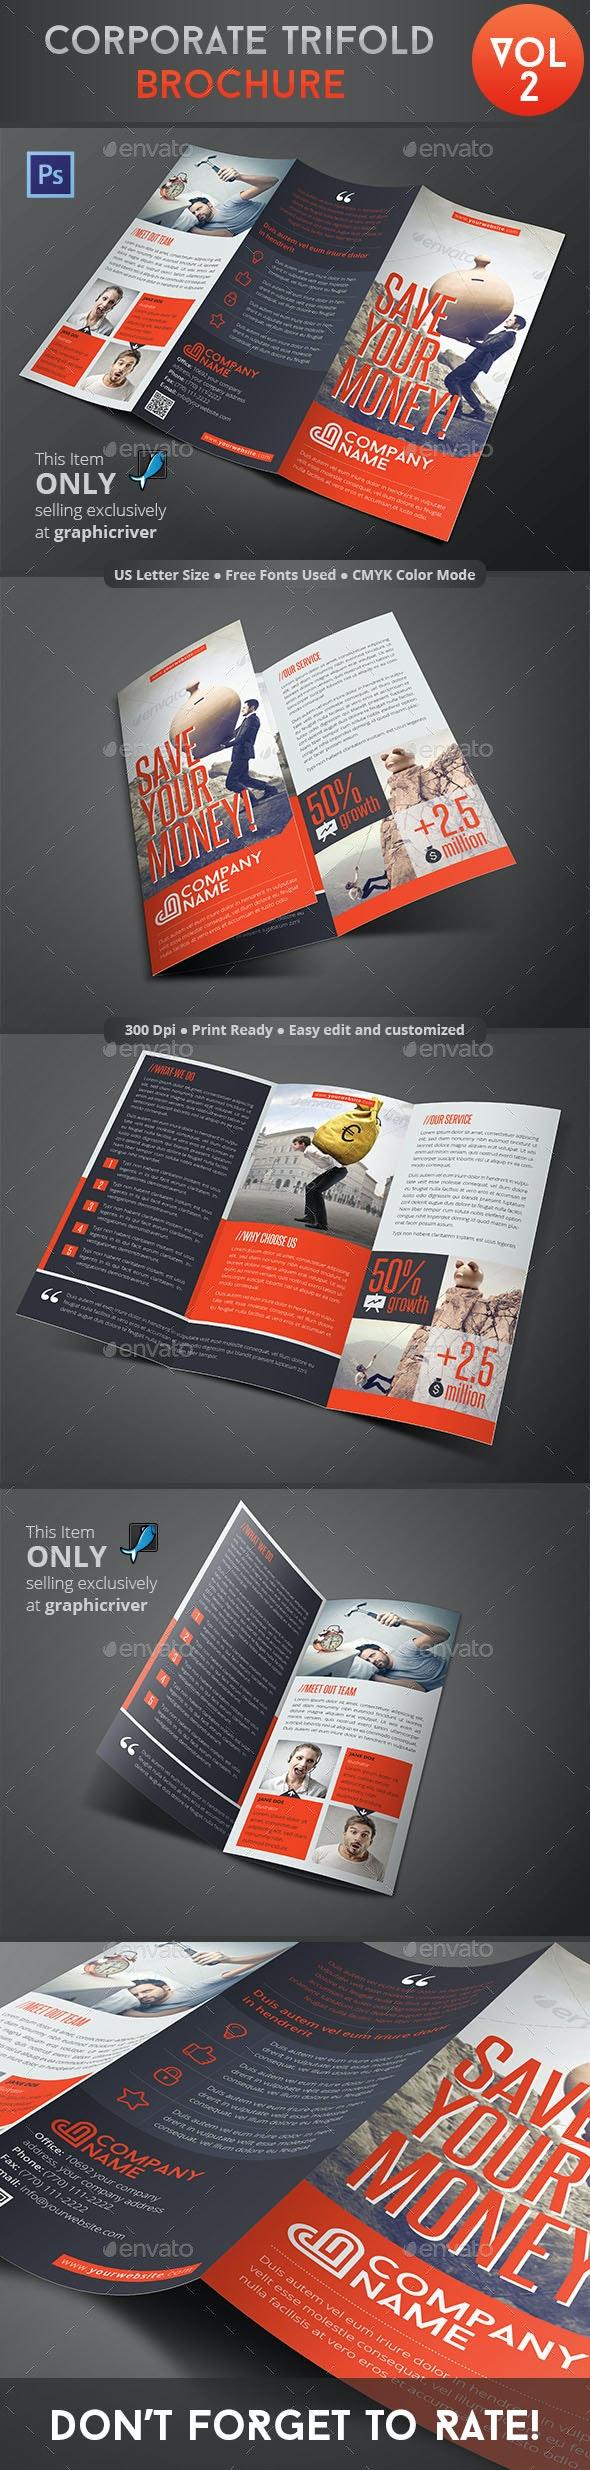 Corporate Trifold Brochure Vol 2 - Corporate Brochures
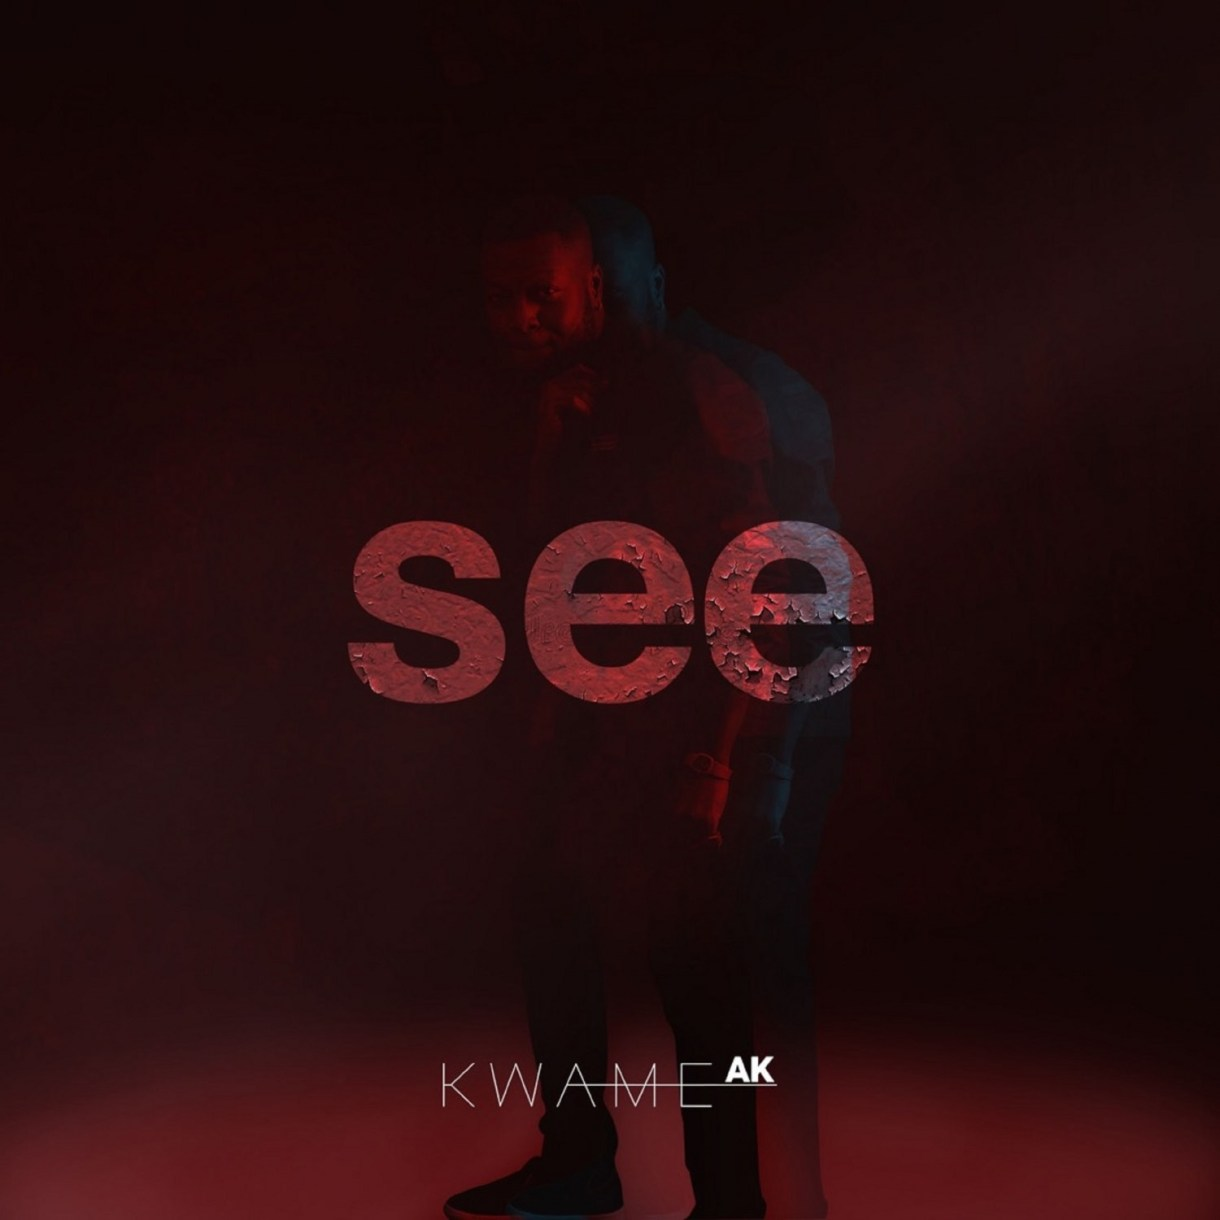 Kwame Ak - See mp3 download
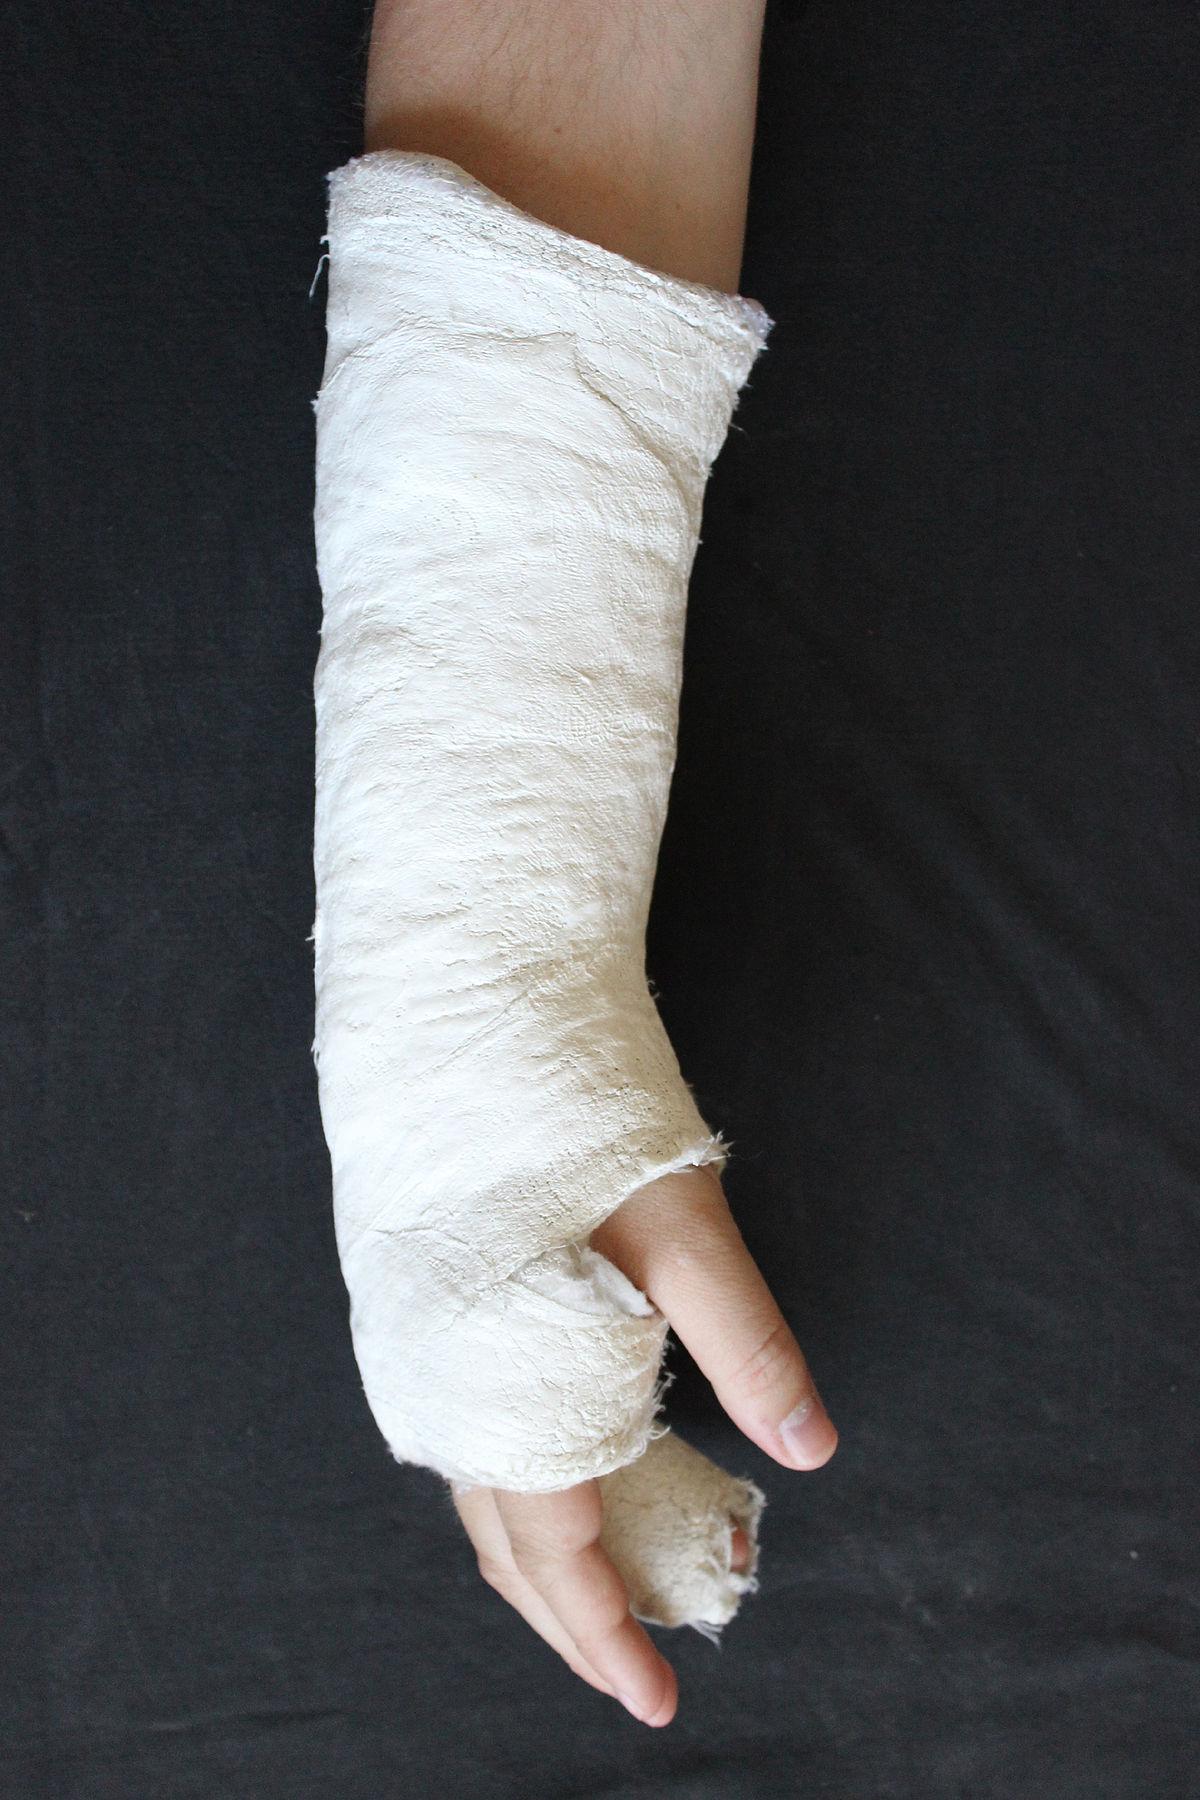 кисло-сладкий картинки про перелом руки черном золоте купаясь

----------

WORK ORDER: The whole listing should be printed again exactly as written, images excluded.

WORKED SOLUTION:
 Corporate Trifold Brochure Vol 2 - Corporate Brochures
 Kwame Ak - See mp3 download
 кисло-сладкий картинки про перелом руки черном золоте купаясь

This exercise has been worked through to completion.